The importance of standing out with simple, distinctive features in the wine market

Can you tell the difference between the two groups of bottles below at this level of detail?

 

If you don’t know, the answer is in the bottom of this text – but I invite you to look back here when you finish reading.

When speaking of Fast-Moving Consumer Goods (FMCG), can we assume that wine is the most complex category of them all? Arguably yes. It typically occupies the largest shelf proportion in supermarkets and the largest drinks list proportion in restaurants. Its natural complexity comes in the form of thousands of varietals and infinite possibilities of blending. Then there’s different regions and countries of origin as well as colour, production method, flavours, alcohol degree, age, oak, packaging, price, etc. The list goes on and on. Many of us have probably felt slightly lost or even awkward at one time or another in that moment when it’s time to choose a wine.

At ProWein 2018 alone, Wine Intelligence estimated that there were more than 150,000 unique wines on display. And all had relevant arguments to be there. But when we ask consumers to name wine brands unprompted in our Vinitrac® surveys, the average American regular wine drinker can only remember four.

So, when you are small, as most of producers are, how do you survive against all the competition? The answer to this question is highly subjective and depends on circumstantial factors. But, if we are speaking about producers within a wine region, the last decade of wine business has showed us that there is nothing more powerful than a large group of small producers making the best out of their region, consistently. And I guess the most important word here is ‘consistently’, in terms of liquid but also in terms of packaging.

I can’t remember how many times I have heard producers around the world describing the main benefits of their own region of origin as being ‘diverse in terms of possible wine styles we can produce’. This is great from the oenology perspective, but from a market point of view, when you are small, stories of diversity have never worked very well as there is nothing concrete to memorize, but many different things instead. The international trade, and consumers in general, want to know about you, but they don’t want it to be too complicated. They will favour simpler stories. They will particularly like when the story is about the uniqueness of region rather than a producer. They will love to see a group of producers within a region working consistency, year on year, around a unique wine style.

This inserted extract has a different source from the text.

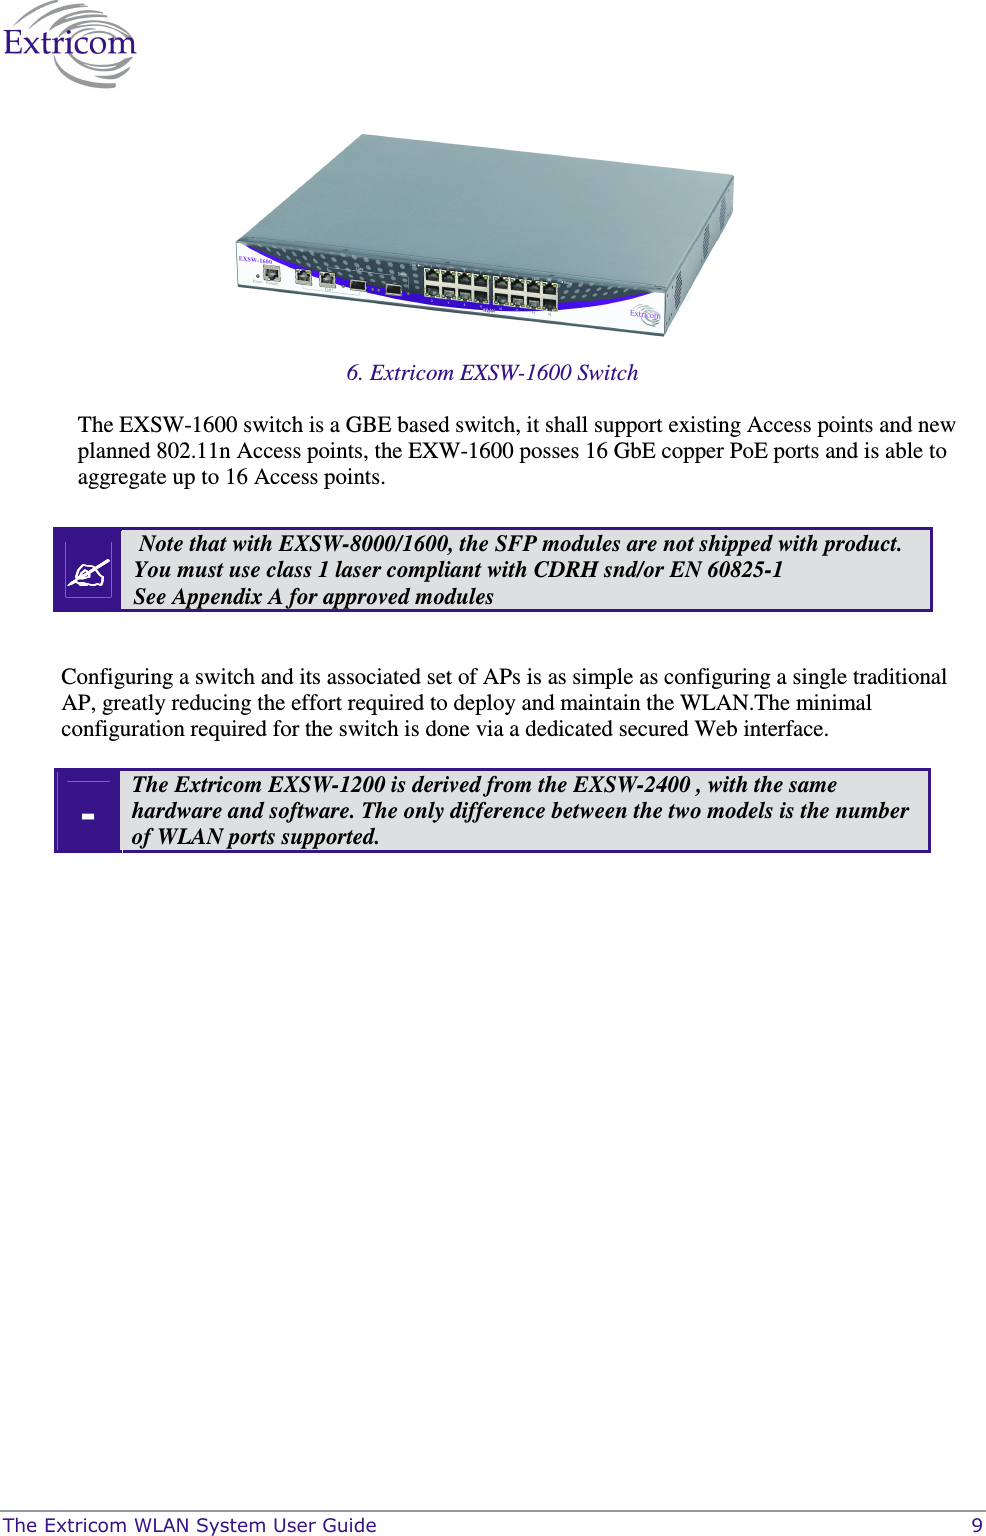  The Extricom WLAN System User Guide    9  6. Extricom EXSW-1600 Switch The EXSW-1600 switch is a GBE based switch, it shall support existing Access points and new planned 802.11n Access points, the EXW-1600 posses 16 GbE copper PoE ports and is able to aggregate up to 16 Access points.    Note that with EXSW-8000/1600, the SFP modules are not shipped with product. You must use class 1 laser compliant with CDRH snd/or EN 60825-1 See Appendix A for approved modules  Configuring a switch and its associated set of APs is as simple as configuring a single traditional AP, greatly reducing the effort required to deploy and maintain the WLAN.The minimal configuration required for the switch is done via a dedicated secured Web interface. - The Extricom EXSW-1200 is derived from the EXSW-2400 , with the same hardware and software. The only difference between the two models is the number of WLAN ports supported.

In the past decade, three particular regions understood the importance of consistency and of being unique and did a great job in the way they presented themselves in the markets with one unique and distinctive style, produced by many producers and even with distinctive packaging: Provence, Marlborough and Prosecco. I challenge you to try to understand what are the key elements that make these wines being definitely part of their regions.

 

So the group of images on the left are distinctly Prosecco, as their bottle shape has come to specify sparkling wine from this region. This one distinction makes their bottles easy to stand out in the crowd of thousands of bottles on the shelf.